Here my current plan for AI hardware:
- I ordered a used K80 with 2x12 GB recently, a used one of course, for 100$/95€ shipping included. It's an old GPU, only supported by older CUDA versions and might not run quantified models. Uses much energy, but it's two GPUs with 12GB each. I plan to pair this one after a while with a RTX3060 (12GB, 300€ used or 400€ new I think) in one home server. Context:
https://technical.city/en/video/Tesla-K80m-vs-GeForce-RTX-3060 - That one, will then run my 12GB models. For fine tuning, or models which don't run on the K80, I would use the 3060. I don't know yet if I can somehow joint them together and use 3x12GB through the bus. It just seems to need some software support in these programs for running models at home.
- I plan to use online services like Colab to learn about how to run these things, but have the K80 for more private data and learning how to do these things at home.

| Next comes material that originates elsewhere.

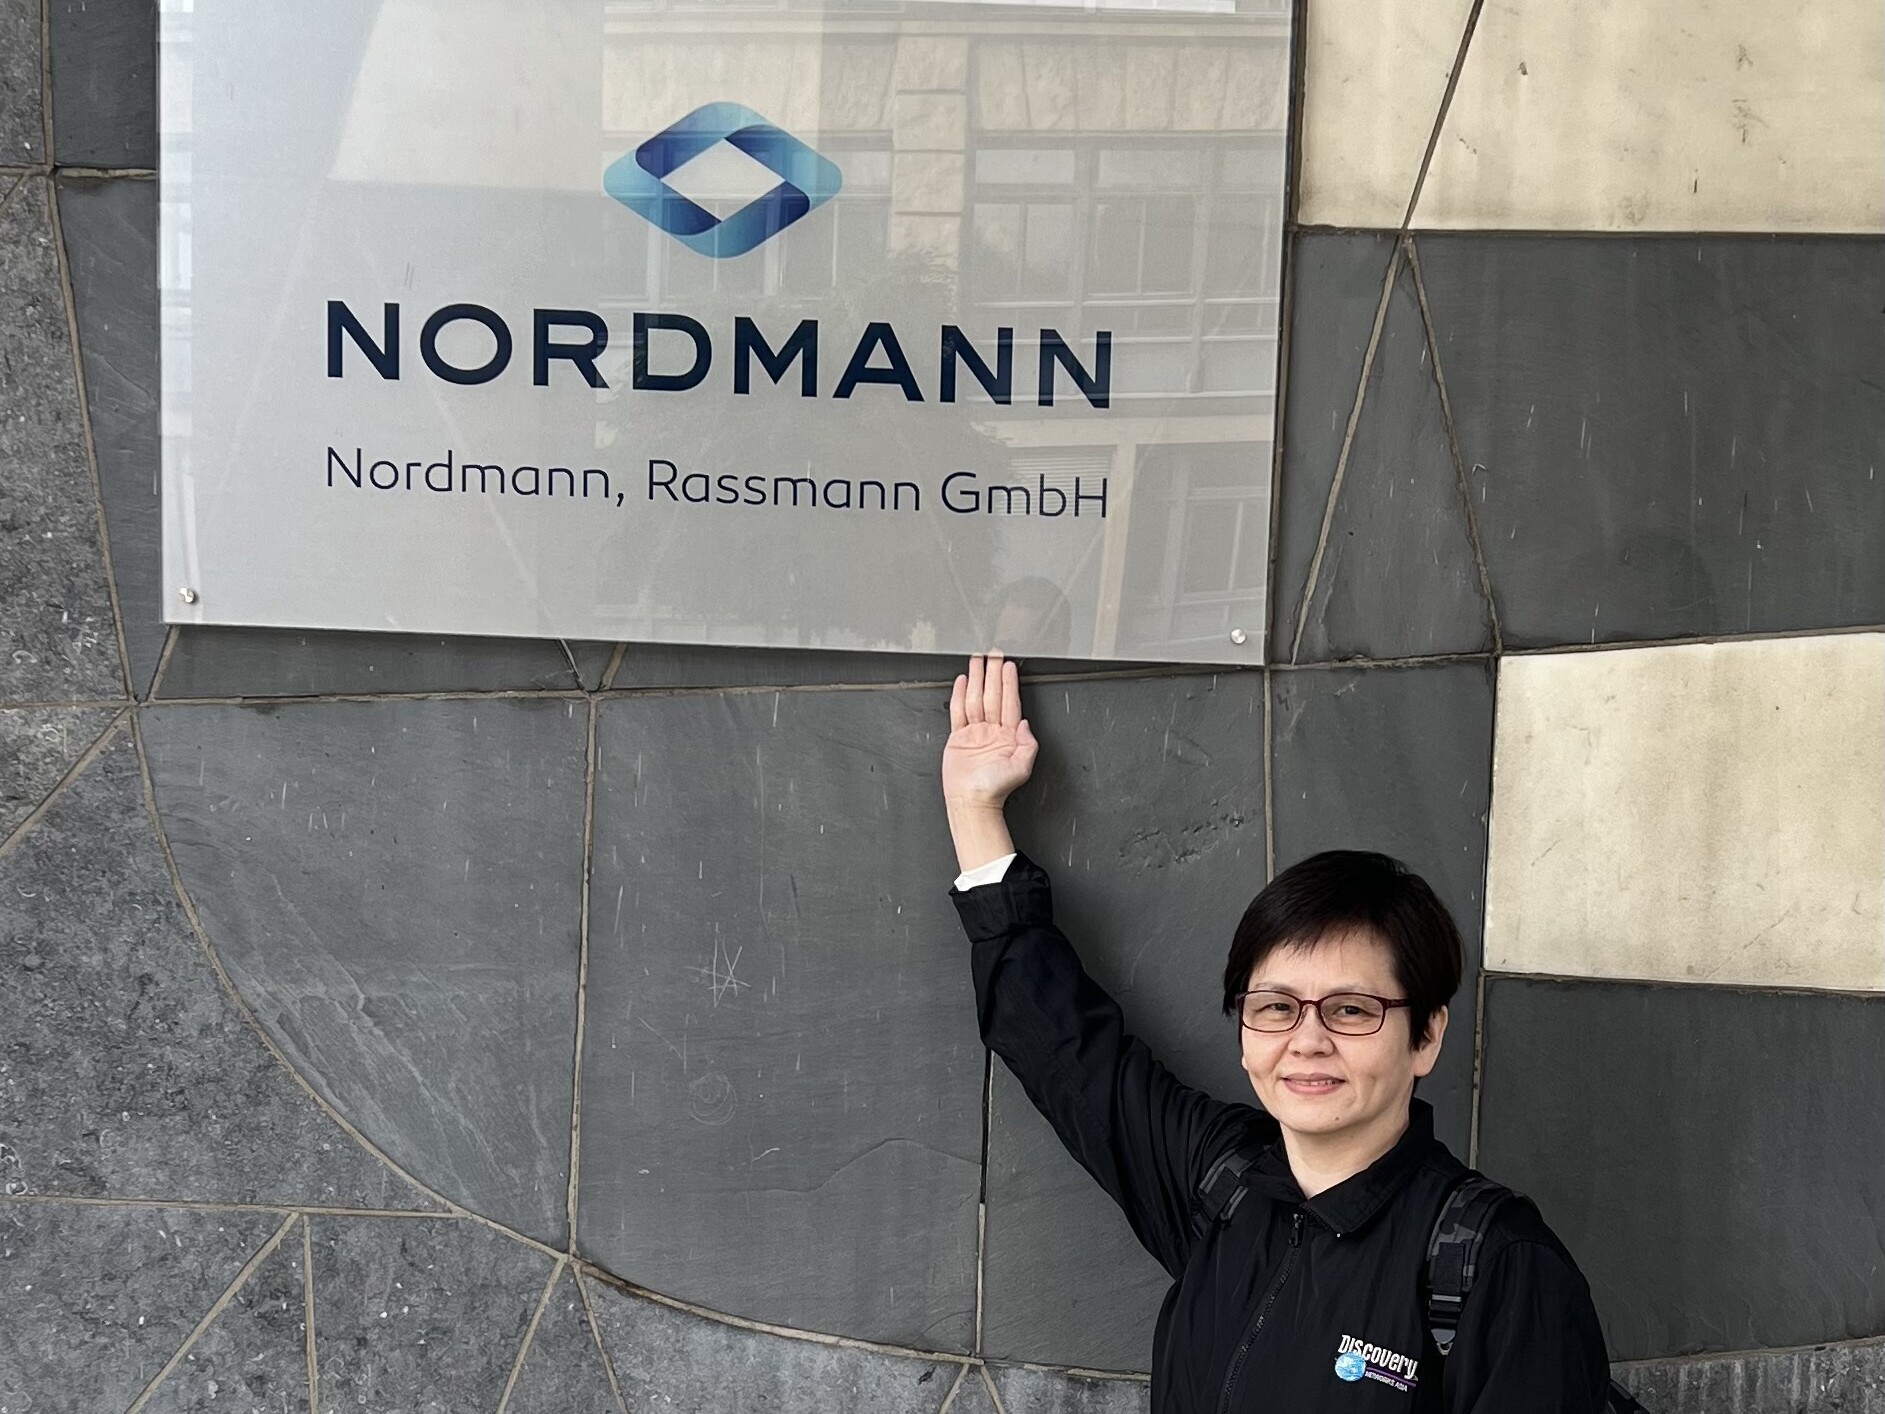 woman points at the Nordmann logo, Jacklyn Yeo

- Then I'll get some SBCs, most likely Orange PI's, which can run small models of Whisper (speech regocnition). Also, another small home server with a Intel Arc380 (140-160€), which is fast enough to run the big and better model of Whisper at the speed of one fast human speaker. It does this quite energy efficient. These devices will not run anything else, for security reasons, and be connected to microphones which will be always on. The server will receive the audio through the SBCs from all rooms using the home network (likely on a VPN using Tinc). All of them will send the transcripts to some server in my network which can then decide how to respond. Most likely filtering first for which data is more sensitive than others.
- Some small device, like a Raspi, will maybe handle responses based on AIML or using some small model.
- Questions which don't contain private information might be send to OpenAI or another service.
- The next step up will be getting a M40 (180€) and then a used RTX3090 (700-800€ right now I think), putting them in another home server at some point. Of course I might use this one for gaming till I get even the next GPU. These can handle the models which need 24 GB. The 3090 will do the fine tuning if I want to do that, since it has more power, while the M40 doesn't need as much energy. Context:
https://technical.city/en/video/GeForce-RTX-3090-vs-Tesla-M40-24-GB
- Then the next step might be getting a AMD XTX (1k-1.2k€) if it's supported well enough for AI by this time. I can use this one for gaming and then put the 3090 in a home server with the M40. If it's possible to combine cards using PCI express, then it might be interesting to think about getting another XTX later, and have 48GB vRAM.
- But I hope that either Intel or AMD will come out with a prosumer or consumer card for AI at home, which is rather slow but has 48GB and is not too expensive.
(If you buy K80 or M40 on Ebay make sure not to buy the 12GB versions by accident while only looking at the price. They aren't much cheaper. K80 should have 2x12GB and the M40 24GB.)